Dalam wasiatnya, Habib Ali menunjuk putranya, Habib Muhammad, sebagai khalifahnya. Mengenai Habib Muhammad ini, Habib Ali pernah mengatakan, “Kalian jangan mengkhawatirkan anakku, Muhammad. Pada dirinya terletak khilafah zhahir dan bathin. Semoga Allah menjadikan dia dan saudara saudaranya penyejuk hati. Semoga mereka dapat memakmurkan ribath dan Masjid Riyadh dengan ilmu dan amal. Semoga Allah menjadikan mereka sebagai teladan dalam setiap kebajikan, dan semoga Allah memberikan mereka keturunan yang shalih serta menjaga mereka dari berbagai fitnah zaman dan
teman-teman yang buruk.”
teman-teman yang buruk.”
Dari perkawinannya dengan seorang wanita Qasam, Habib Ali dianugerahi Allah SWT seorang anak yang dinamainya Abdullah.
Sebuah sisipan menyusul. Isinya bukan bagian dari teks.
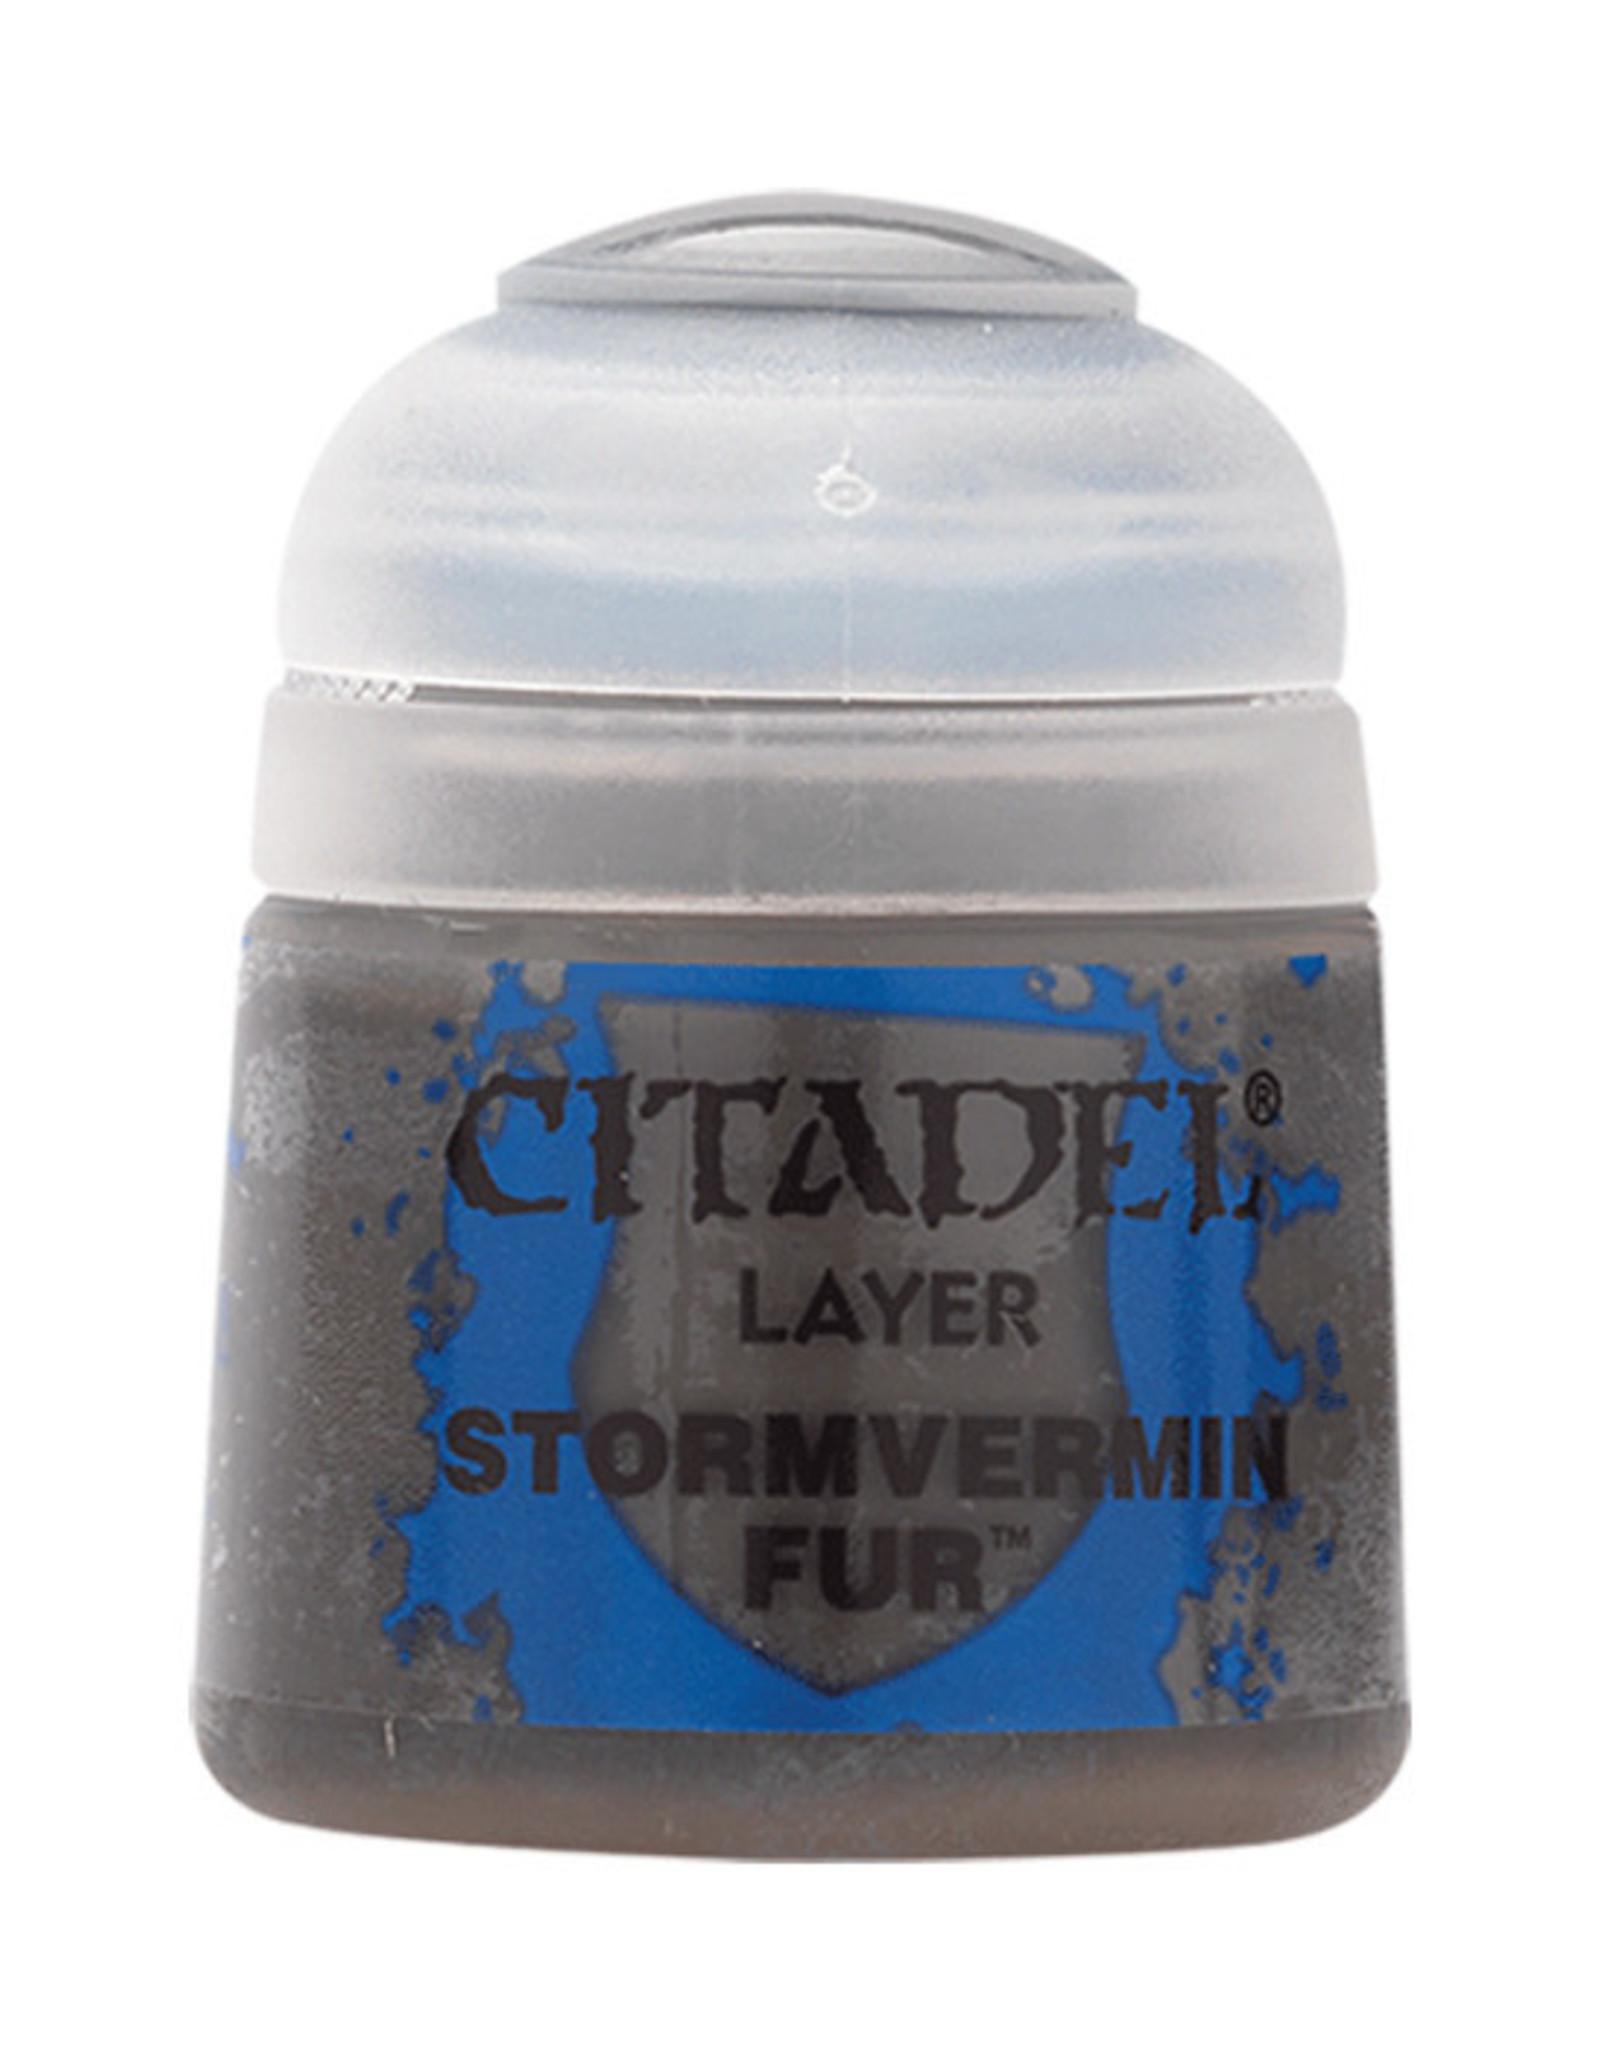 Citadel Citadel Colour: Layer - Stormvermin Fur

Dan dari perkawinannya dengan Hababah Fathimah binti Muhammad bin Segaf Mulachela, ia mendapatkan empat anak: Muhammad, Ahmad, Alwi, dan Khadijah. Di antara putra-putranya yang paling dikenal di Indonesia ialah putranya yang bungsu, Habib Alwi bin Ali Al-Habsyi, pendiri Masjid Riyadh di Gurawan, Solo (Surakarta). Ia dikenal sebagai peribadi yang amat luhur budi pekertinya, lemah lembut, sopan dan santun, serta ramah tamah terhadap siapa pun, terutama kaum yang lemah, fakir miskin, yatim piatu. Rumah kediamannya selalu terbuka bagi para tamu dari berbagai golongan dan tidak pernah sepi dari pengajian dan pertemuan-pertemuan keagamaan. Habib Alwi wafat di kota Palembang pada tanggal 20 Rabi’ul Awal 1333 H/7 Februari 1915 M, dan dimakamkan di kota Solo.
Banyak sekali ucapan Al-Habib Ali bin Muhammad Al-Habsyi yang telah dicatat dan dibukukan, di samping tulisan-tulisannya yang berupa pesan-pesan ataupun surat menyurat dengan para ulama di masa hidupnya, juga dengan keluarga dan sanak kerabat, kawan-kawan serta murid-muridnya, yang semuanya itu merupakan perbendaharaan ilmu dan hikmah. kitab Maulid Simthud Durar, lengkapnya berjudul Simthud Durar fi Akhbar Maulid Khayril Basyar wa Ma Lahu min Akhlaq wa Awshaf wa Siyar (Untaian Mutiara Kisah Kelahiran Manusia Utama; Akhlaq, Sifat, dan Riwayat Hidupnya).